Sahih al-Bukhari 4987
https://sunnah.com/bukhari:4987

Uthman’s action makes sense only if the material destroyed was not, in fact, the same as that which he promoted as the “true Koran.”

The Muslim bots respond to this by claiming that the difference was only one of pronunciation.  But this hadith does not say so.    Rather it makes clear that the text of the Koran was already circulating in different Arabic dialects, and in written copies which did not all contain the same material.

Indeed the preceding hadith openly states that when the koran was collected under Abu Bakr, one verse was only in the possession of one person.  Similarly the following hadith is as follows:

قَالَ ابْنُ شِهَابٍ وَأَخْبَرَنِي خَارِجَةُ بْنُ زَيْدِ بْنِ ثَابِتٍ، سَمِعَ زَيْدَ بْنَ ثَابِتٍ، قَالَ فَقَدْتُ آيَةً مِنَ الأَحْزَابِ حِينَ نَسَخْنَا الْمُصْحَفَ قَدْ كُنْتُ أَسْمَعُ رَسُولَ اللَّهِ صلى الله عليه وسلم يَقْرَأُ بِهَا فَالْتَمَسْنَاهَا فَوَجَدْنَاهَا مَعَ خُزَيْمَةَ بْنِ ثَابِتٍ الأَنْصَارِيِّ ‏{‏مِنَ الْمُؤْمِنِينَ رِجَالٌ صَدَقُوا مَا عَاهَدُوا اللَّهَ عَلَيْهِ‏}‏ فَأَلْحَقْنَاهَا فِي سُورَتِهَا فِي الْمُصْحَفِ‏.‏

Zaid bin Thabit added, “A verse from Surat Ahzab was missed by me when we copied the Qur’an and I used to hear Allah’s Messenger (ﷺ) reciting it. So we searched for it and found it with Khuza`ima bin Thabit Al-Ansari. (That Verse was): ‘Among the Believers are men who have been true in their covenant with Allah.’ (33.23)

Sahih al-Bukhari 4988
https://sunnah.com/bukhari:4988

This attests to a copy where a verse was missing, even though the copyist had actually heard Mohammed himself say that verse.  And, far from having memorised it, he had to search until he found someone who had written it down.

None of this is actually surprising. Even if we were Muslim, and accepted that the Koran was from Allah, the fact is that it did not fall from heaven on gold plates, or whatever, but involved a human being giving utterance to it in a local Arab dialect and being copied down by other human beings.  The laborious efforts to make sure that it was indeed as Mohammed uttered it also testify to human activity, and, inevitably, some kinds of human error.  Muslims believe that these efforts were successful, and that the text today is an exact copy of the text as dictated by Mohammed.

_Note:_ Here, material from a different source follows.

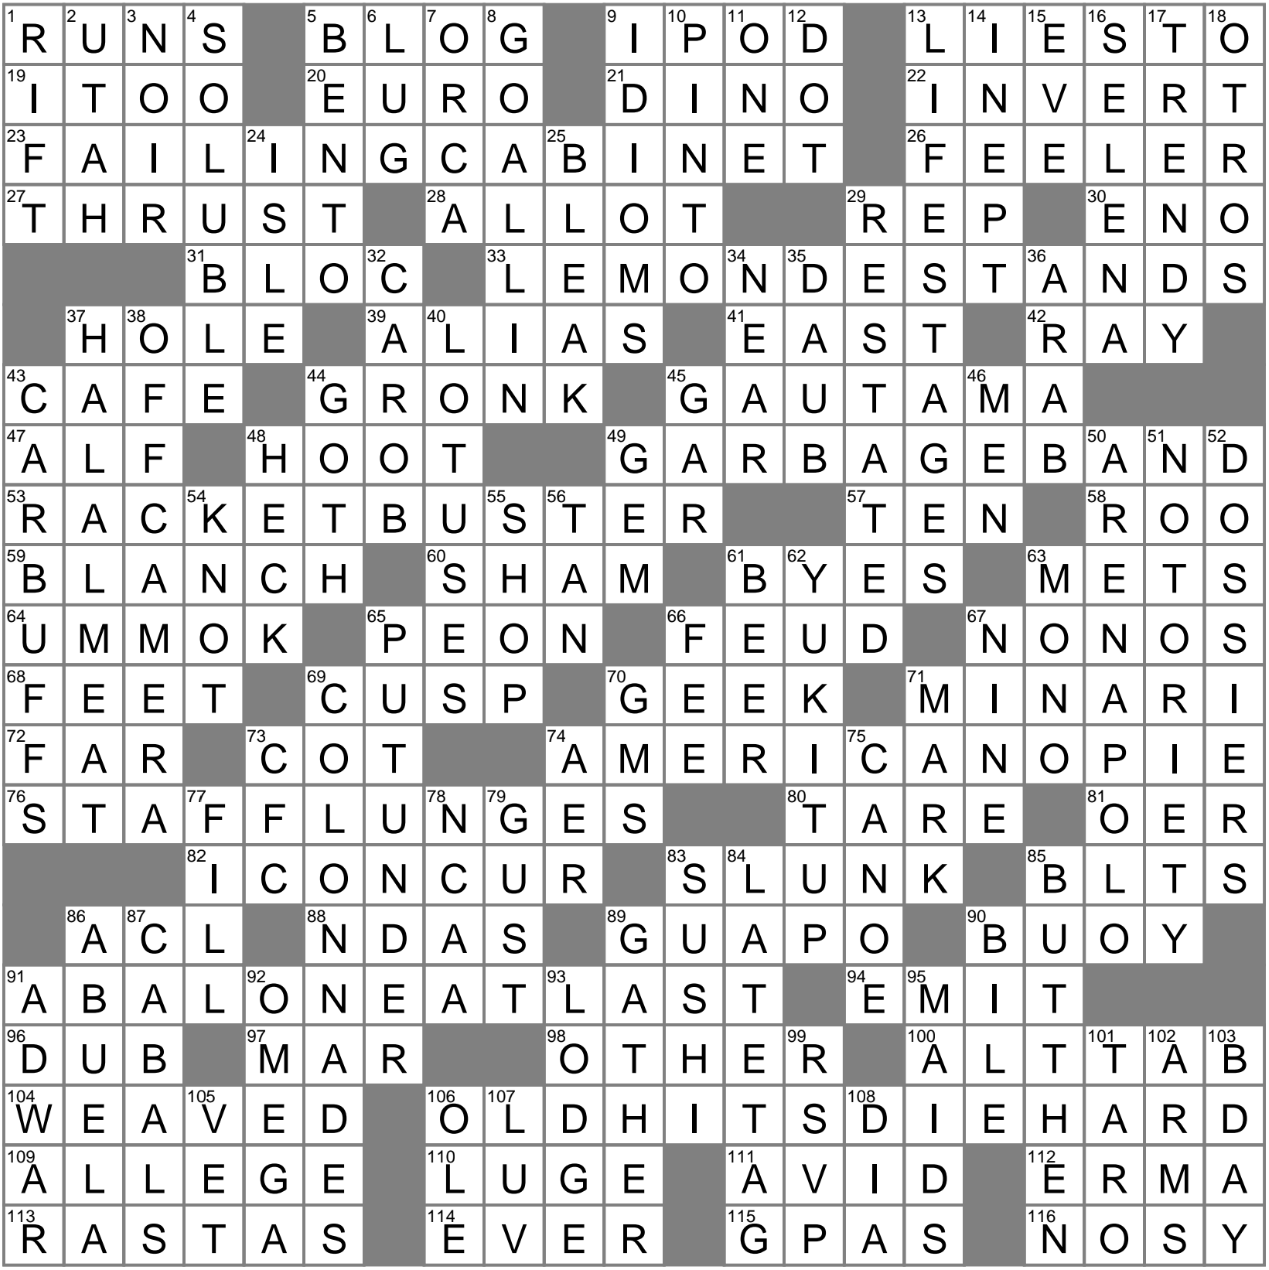 la-times-crossword-13-aug-23-sunday-laxcrossword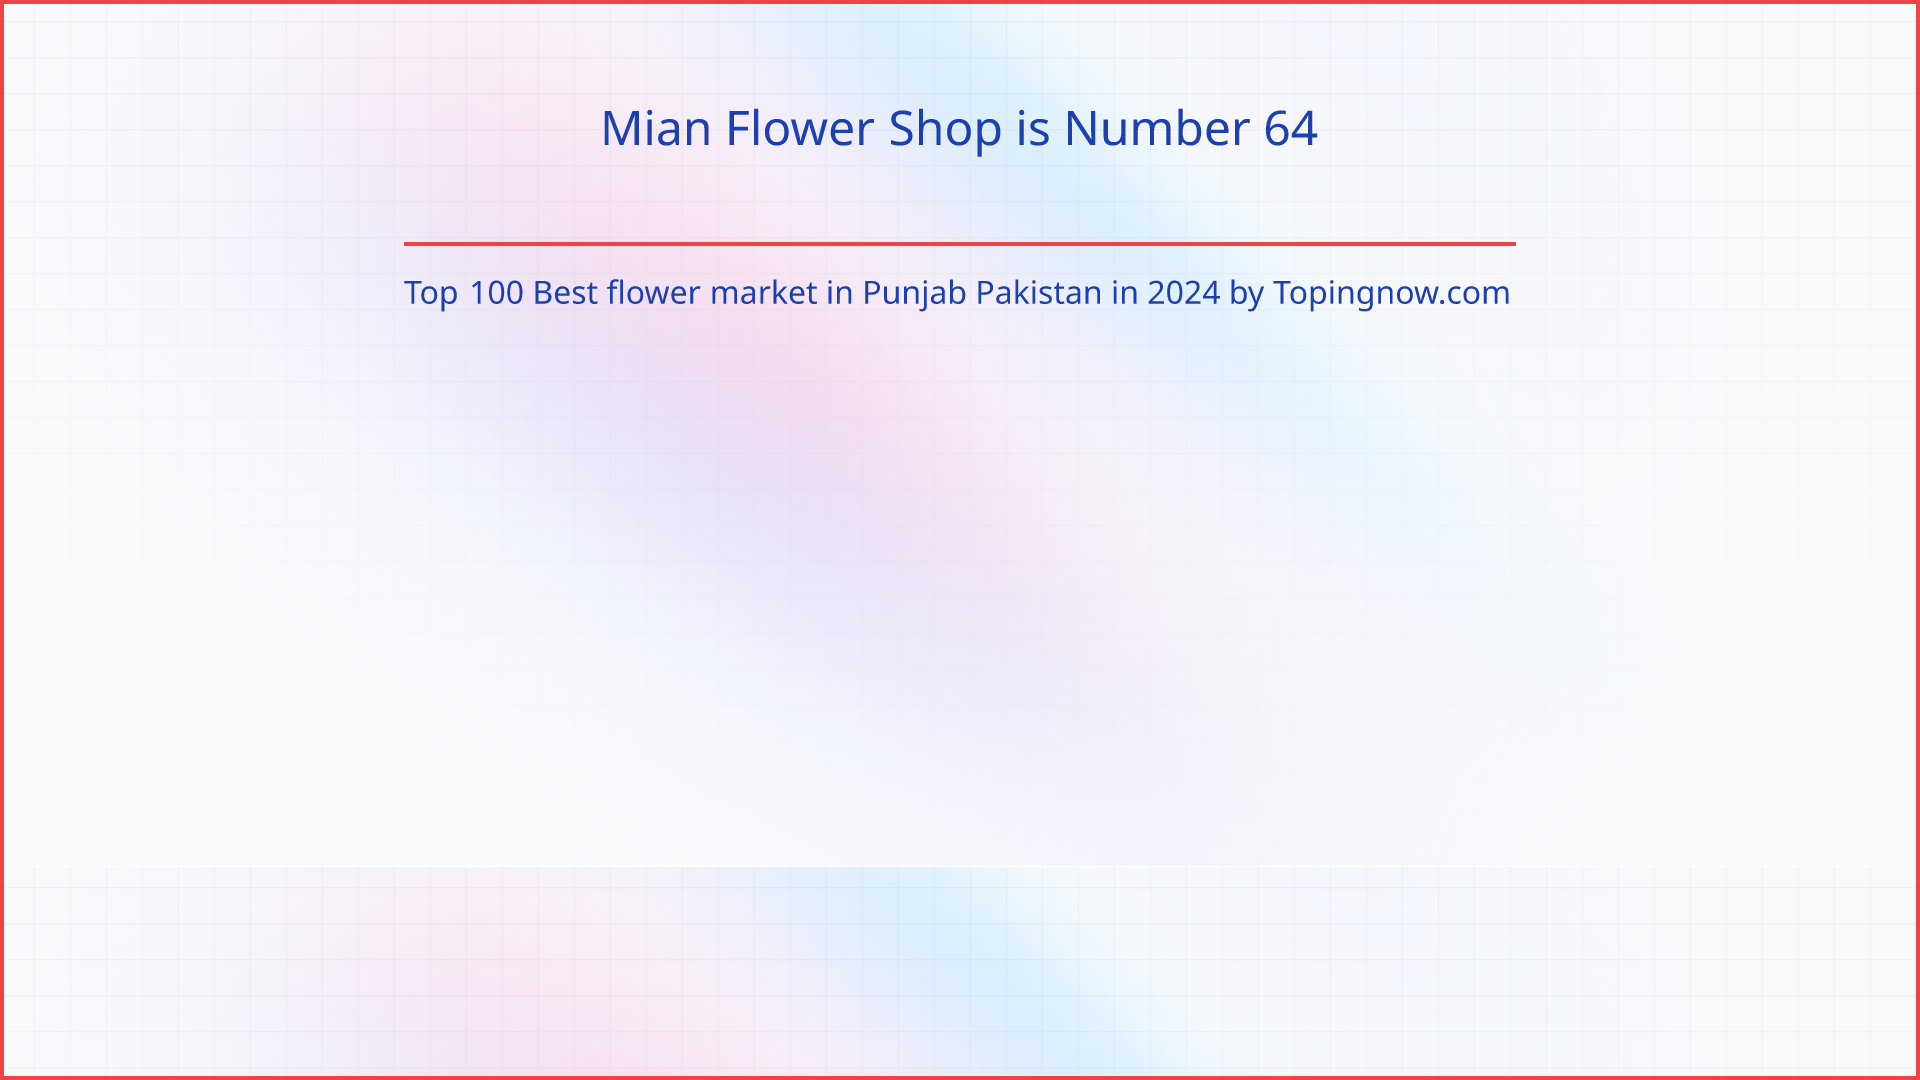 Mian Flower Shop: Top 100 Best flower market in Punjab Pakistan in 2024

Non-Muslims need not believe this.  The Hadith suggests strongly that the process was far more haphazard than the bots would like us to believe.   It also suggests strongly that claims to memorisation at this period are false.  We may also note that Muslims display no interest in actually finding out by collation whether extant manuscripts copies of the Koran – and indeed printed copies – are actually exactly the same.

But we need not labour this point, except in response to those who deploy it in order to rubbish the bible.  There is nothing of significance here.  For all practical purposes, it seems likely that the Koran does indeed contain the mission statement of Mohammed and his earliest followers.